Grid constraints will increase until they form a central part of the planning processes for renewable power projects and transmission infrastructure investments. REE’s current investment plan foresees 16.6 GW of renewable installations by 2026, far below Spain’s pipeline capacity—as of 25 January 2023, planned renewable power projects totalling over 60 GW had received Environmental Impact Assessments. Installations not accounted for by REE would place additional strain on the grid. Once the firm’s investment plans better reflect Spain’s pipeline, REE can further ease potential pressure on the grid by considering current and anticipated constraints when granting access. Renewable project developers should also consider potential constraints in their planning—locating projects far from areas of high power demand would cause local grid constraints to worsen.

Ana Barillas, Head of Iberia, Aurora Energy Research, commented:

“Grid constraints pose a serious risk to Spain’s renewables sector. Without planning and investment to ease constraints, curtailment will rise, threatening prospective developers’ and investors’ returns and potentially preventing projects from securing capital.
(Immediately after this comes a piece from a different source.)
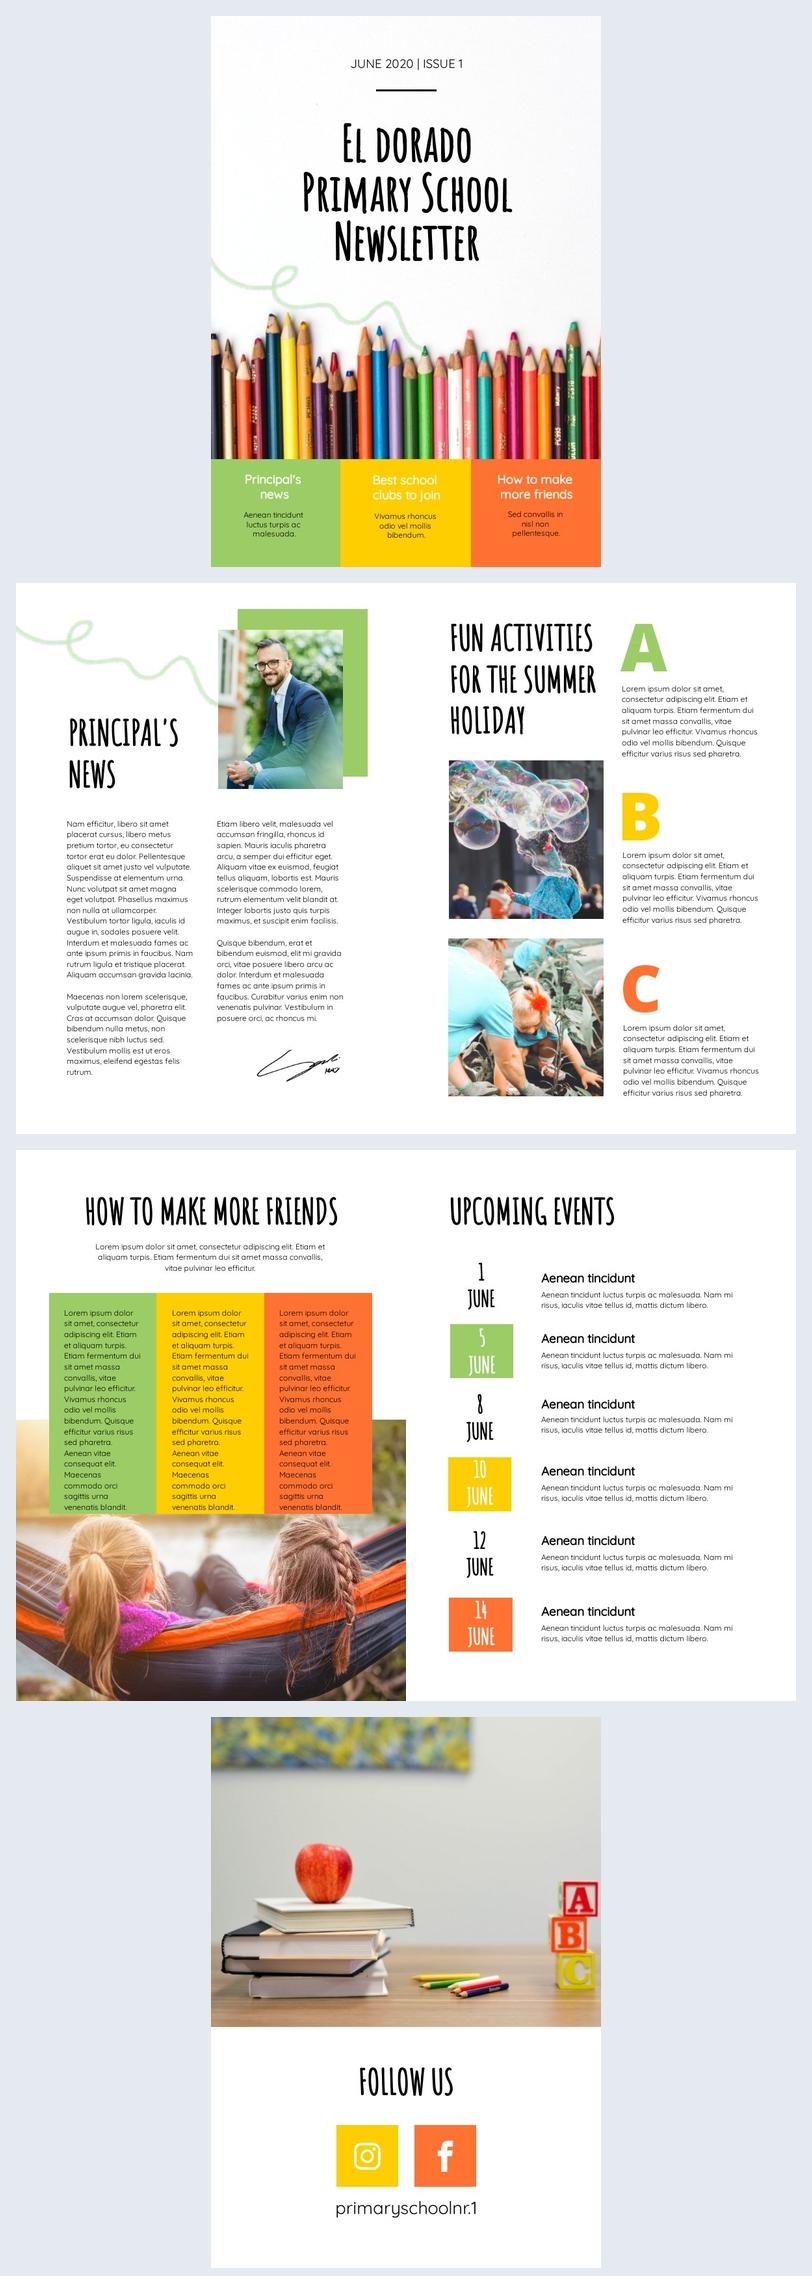 Primary School Newsletter Example Idea

Energy storage systems could offer a critical short-term solution, storing power that would otherwise be curtailed during periods when local transmission assets are constrained, but large long-term grid investments will be required for the system to be able to effectively integrate renewables.”

Alexandre Danthine, Research Lead, Iberia, Aurora Energy Research, commented:

“While investments in grid infrastructure are needed to accommodate the influx of renewables into the system, the design of the market used to solve congestion issues needs to be scrutinized as well. The Technical Restrictions market is a locational pay-as-bid market. This creates a barrier to entry that limits competition, enabling a few power plants to bid as high as 80,000 €/MWh in some hours, despite the high costs for consumers.”

Christina Rentell, Senior Research Associate, Iberia, Aurora Energy Research, commented:

“As installed renewable generation capacity increases and grid constraints worsen, the Technical Restrictions market will continue to grow. Evolution will depend on both fundamental and policy-driven factors, such as power demand growth, increasing market participation from flexible assets such as batteries or electrolysers, and the result of the ongoing review of the relevant Operating Procedures. In any case, we do not expect curtailment to be remunerated in the future, meaning renewables developers will need to evaluate the impact of curtailment losses on their business cases.”